Learning About Prayer With the Navigators

This week, I crammed in the back of a mini-van and embarked on a short Colorado roadtrip to experience not only the beautiful mountains but also that mountain of a ministry known as The Navigators

Our trip (which included seven other Christian Challenge staff and interns) began amidst the profuse insistence of the director of Challenge that his mini-van would be more than adequate for not only the seven of us to travel, but also would allow for picking up his son from a summer camp near Colorado Springs. Well, I had my suspicions that his rosy-eyed mini-van infatuation might not live up to the hype! Needless to say, eight hours later, after subjecting my poor, now sweaty and not just a little sore behind to the most uncomfortable back-middle seat, I didn’t exactly see eye to eye with my starry-eyed leader’s vision for his vehicle. However, amidst my backseat behind woes, the ride was  filled with laughter and meaningful conversation that saw our arrival in good spirits. 

Our trip allowed for about a day of hiking in the mountains near Estes Park – which was a wonderful reminder of the vast and magnificent creativity of God – though I did spend much of that time personally working on writing support letters and thank you notes. Even so, it was a much-needed break from all the distractions and things to do back at home in Manhattan, KS as the beginning of the semester draws near. 

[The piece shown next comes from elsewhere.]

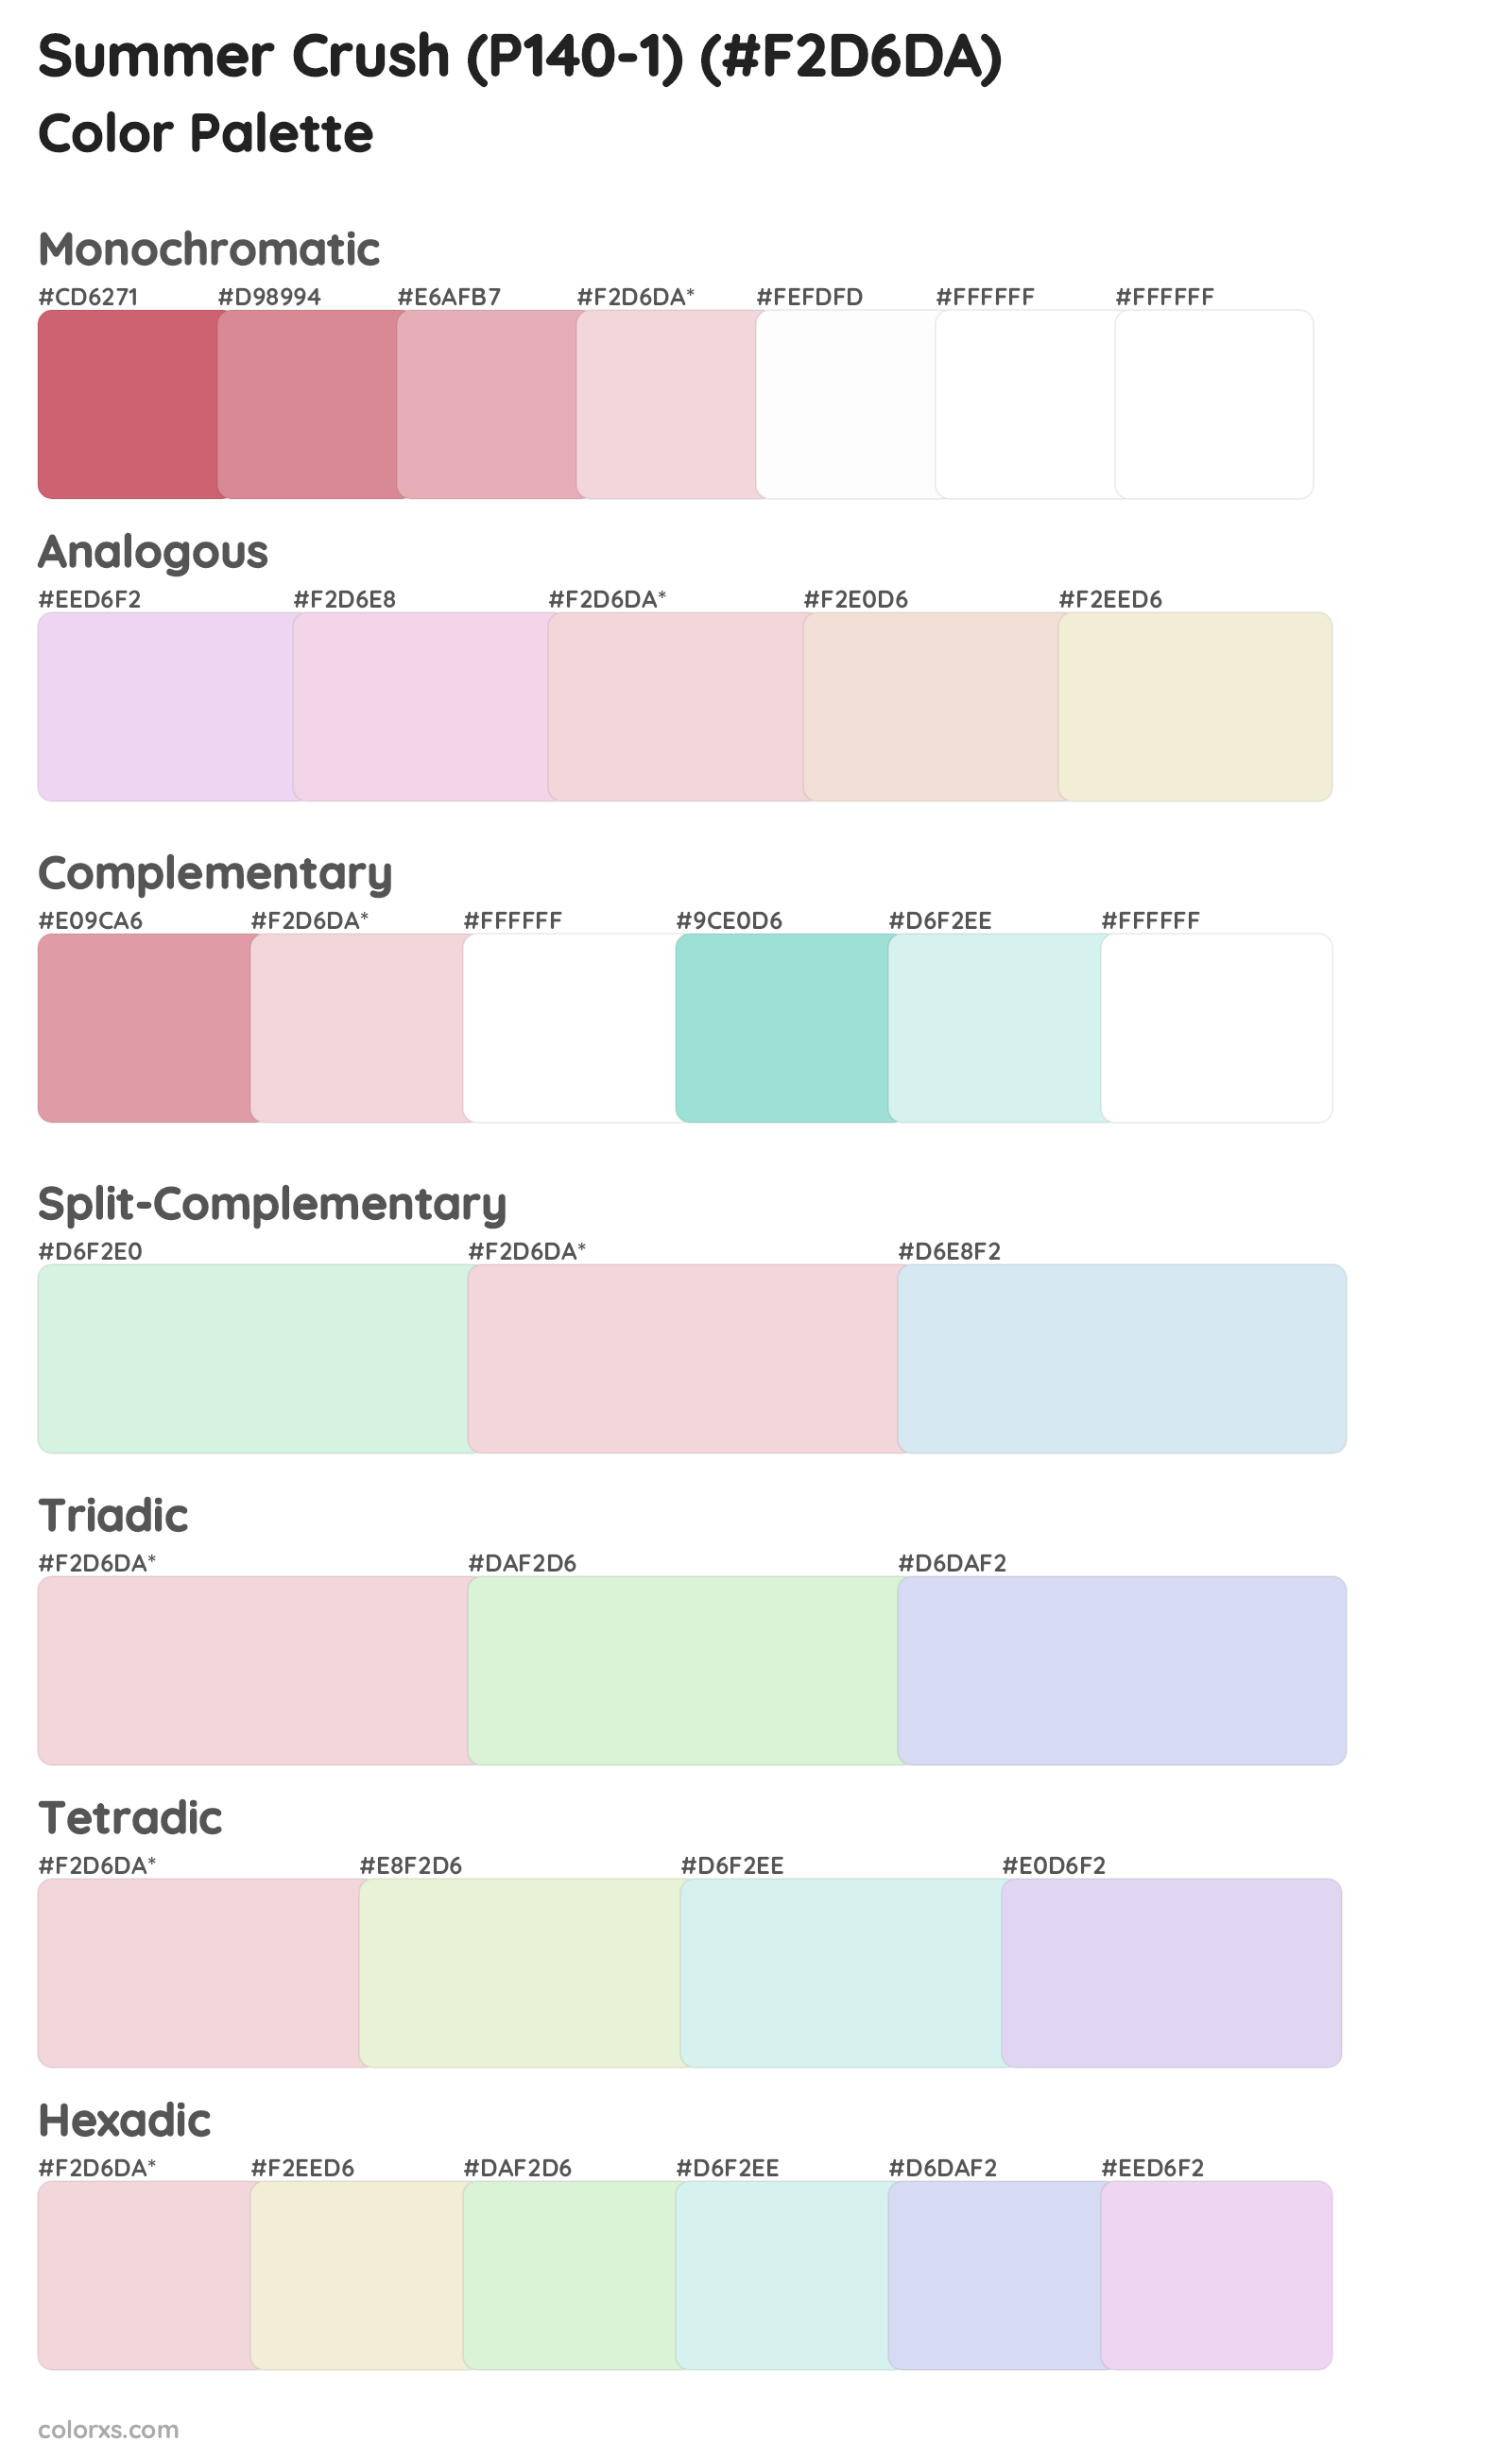 Summer Crush (P140-1) Color Scheme Palettes

After spending time in nature, the next two days included three encounters with different Navigators, and I’d like to highlight one thing I learned from each of them, in several successive posts. Here’s the first idea:

‘Short’ Doesn’t Mean ‘Lacking Substance’

During our second evening, we were able to observe one of the weekly training sessions that the Navigators were hosting for their summer training program in Estes Park. The speaker was a Navigators staffer from Colorado State University. Even amidst an intriguing life story that involved growing up around the Italian Mafia in Chicago, I was most struck by a simple statement he made: “Pray short.”

The speaker’s claim is a far cry from much of what we see around us in the Church – indeed, even as I’m reading through Metaxas’s recently-published biogrophy on Martin Luther, my mind was drawn (and almost immediately thereafter the speaker also referenced) Luther’s famous quote – “I have so much to do that I shall spend the first three hours in prayer.”

Oftentimes, there seems a common sentiment within the Church that, to truly be committed to the mission of God and near to him in spirit, we must daily undertake devoting copious amounts of time to the practice of the spiritual disciplines. The speaker highlighted that tendency specifically in connection with the discipline of prayer, but it is possible I have observed this mentality in my own life regarding reading the Scriptures. The ensuing risk of such a disconnected view of the rest of daily life from the practice of spiritual discipline is one of a works-based, self-condemning hyper spirituality. 

One morning, after waking up at 4 or 5am to spend an hour or two in prayer and another reading the Bible, the speaker mentioned how his wife confronted him about always being so “crabby.” “Well,” the man said, “what am I doing wrong – I already spent several hours in prayer today!” “Maybe if you would have spent some of that time sleeping,” his wife replied, “you wouldn’t be so crabby!” Ultimately, the man realized it wasn’t about how much he prayed, but rather the quality of the prayer. After all, he proceeded to explain to us, the Lord’s prayer Jesus modeled for his disciples clocks in at just about 11 seconds (check it out for yourself!). 

The message in that session really spoke to me – not to diminish the deliberate dedication of specific, ordered moments in prayer throughout life – but instead as a reminder that, more than setting aside hours upon hours each day to pray, study the scriptures, or otherwise (although I believe there are some whom God bestows his grace on so richly that they posses such time), God desires for us to be prayerful (1 Thess. 5:16-18), meditating on the Scriptures (Josh. 1:8; Ps. 1:2), and considering his purposes (Ps. 63:6; Ps. 143:5) in everything we do! 

The beauty of the Christian life is that our everyday, material life is not disconnected from the spiritual, but rather deeply interconnected. This truth proves to be a great joy because it means whatever we do, we can truly do it as though we are doing it for the Lord (Col. 3:17;23-24), and find meaning in some of the most seemingly mundane tasks. Not every Christian is called to pray alone three hours a day!

I think of the profoundly simple words of Brother Lawrence:

The time of business does not differ with me from the time of prayer; and in the noise and clatter of my kitchen, while several persons are at the same time calling for different things, I possess God in as great tranquility as if I were on my knees.”

It may not be an easy task for us to earnestly desire unhindered time alone with God; but let us even more earnestly desire that our time not alone with God be also unhindered so that we, in every moment, partake in the greatest – freely-given and yet costly – grace bestowed on us who believe in Jesus Christ: the perfect, unceasing mediator between man and God.